05 Août

Échos

J’ai crié.

J’ai crié haut et fort.

Contre moi. Contre toi. Contre tu, il, nous, vous, ils.

J’ai décidé de faire à ma tête et maintenant, tout ce qui me revient, ce sont les échos des mes cris que j’ai abandonnés. J’ai des détails laissés derrière, ou encore des gestes posés qu’on assume plus ou moins et dont on a pas réussi à expliquer tout à fait. La poussière retombe sur les meubles témoins du temps qui filent, et mes mots, mes excuses rebondissent dans le vide comme l’écho dans un manoir abandonné, celui de la honte.

Tu as brassé beaucoup de choses, pour le meilleur, et parfois pour le pire. Tu as trahi, de nombreuses fois, tu pensais avoir appris. Tu as promis et tu as brisé des confiances. Les explications sont toujours futiles, même si elles sont toujours évocatrices d’une situation complexe.

Il apprend à vivre, à se refaire, à se reconstruire, mais elle, elle a déjà sa fondation, déjà un parcours. Il, malgré les faits, a toujours dit ce qu’il ressentait au plus profond de lui-même, parce qu’il est capable d’aller au plus profond de la grotte pour en sortir ce qui brille le plus. Il est aussi, malheureusement, capable d’éteindre la lumière qui guide pour sombrer dans ce qui étourdit, ce qui étouffe, ce qui blesse.

Nous voulions aller aux étoiles, les décrocher, les ramener avec nous et les partager sur ce balcon qui a été un tendre endroit d’échanges, de rires et de sushis. Nous n’étions simplement pas au même endroit au même moment. Nous souhaitions êtres synchronisés, mais au fil du temps, nous ne sprintions pas à la même intensité.

Vous avez assisté, vous avez supposé, vous vous êtes fait une idée, sommaire somme toute. Vous avez été témoins, souvent confidents. Confidents de moments, de malaises, de mensonges, de bonheurs et d’authenticité. Vous saviez que c’était peut-être possible, peut-être impossible et vous avez assisté, dans la neutralité qui vous était demandée.
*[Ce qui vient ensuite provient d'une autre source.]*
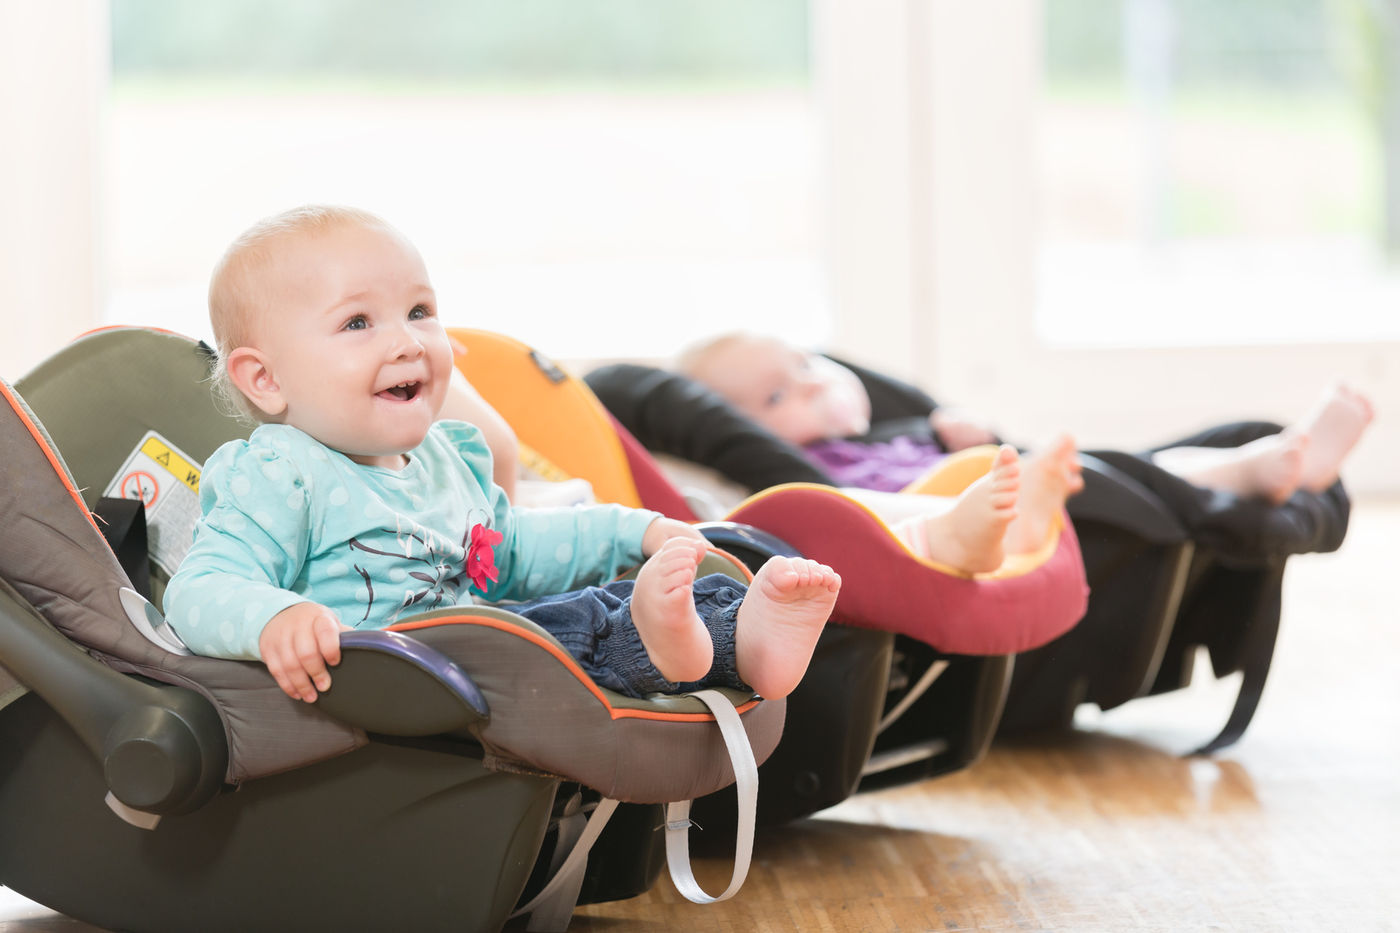 stiftung warentest kindersitze im test finger weg von. Black Bedroom Furniture Sets. Home Design Ideas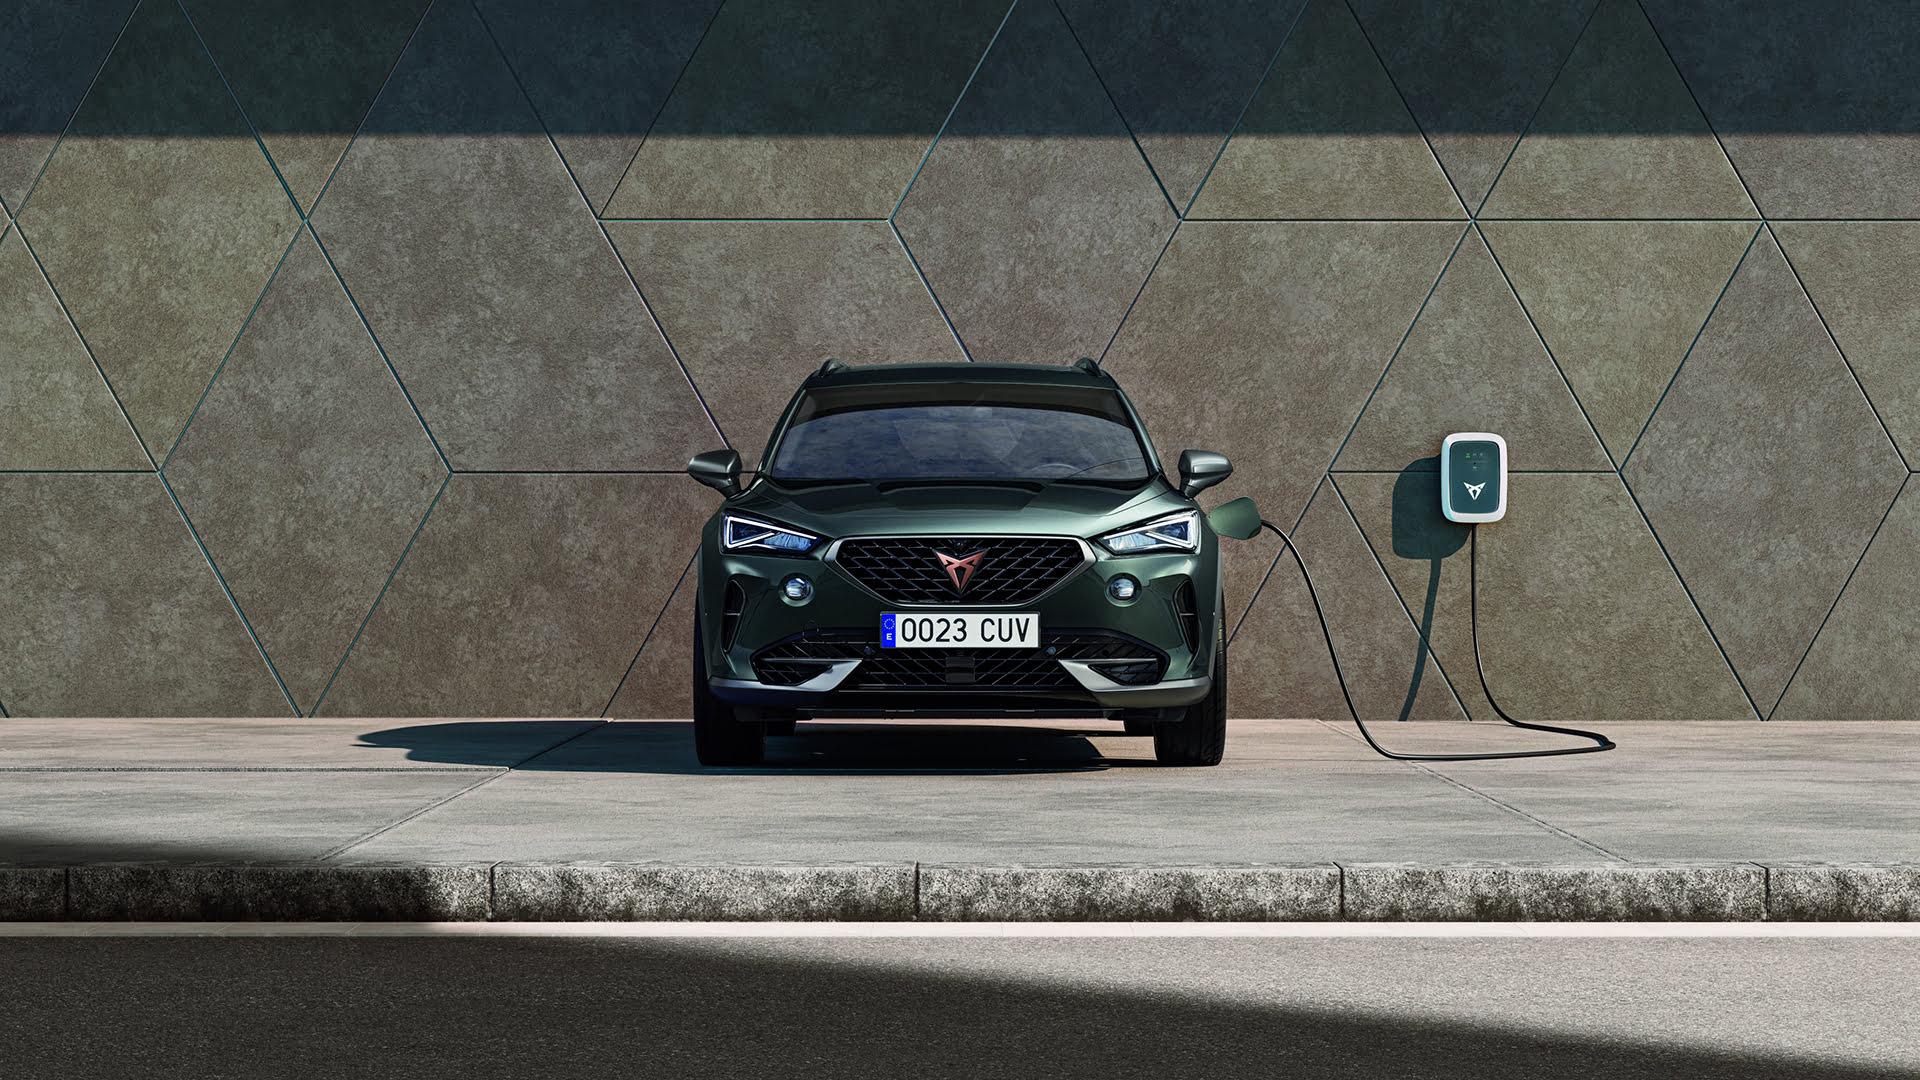 El Cupra Formentor VZ e-Hybrid ya está a la venta en nuestro mercado.

Ils se sont perdus en cours de route, ils se sont aimés, malgré les trahisons, les promesses, les attentes, les litres de larmes. Ils se sont aimés, ils s’aiment forcément encore, malgré tout, un peu. Car c’est ainsi. Et ce qui a été fait n’enlève en rien à ce qui est arrivé. Elle a crié. Elle a crié fort car mes échos lui sont revenus. Car tout ce qui me reste, ce sont ces sons qui me rappellent qui j’étais il n’y a pas si longtemps dans les faits, mais dans ma perception du temps, me semble il y a des milliers d’années.

J’espère un jour, que tu pardonneras ces échos d’une autre personne qui te blessent, t’écorchent et t’anéantissent, encore.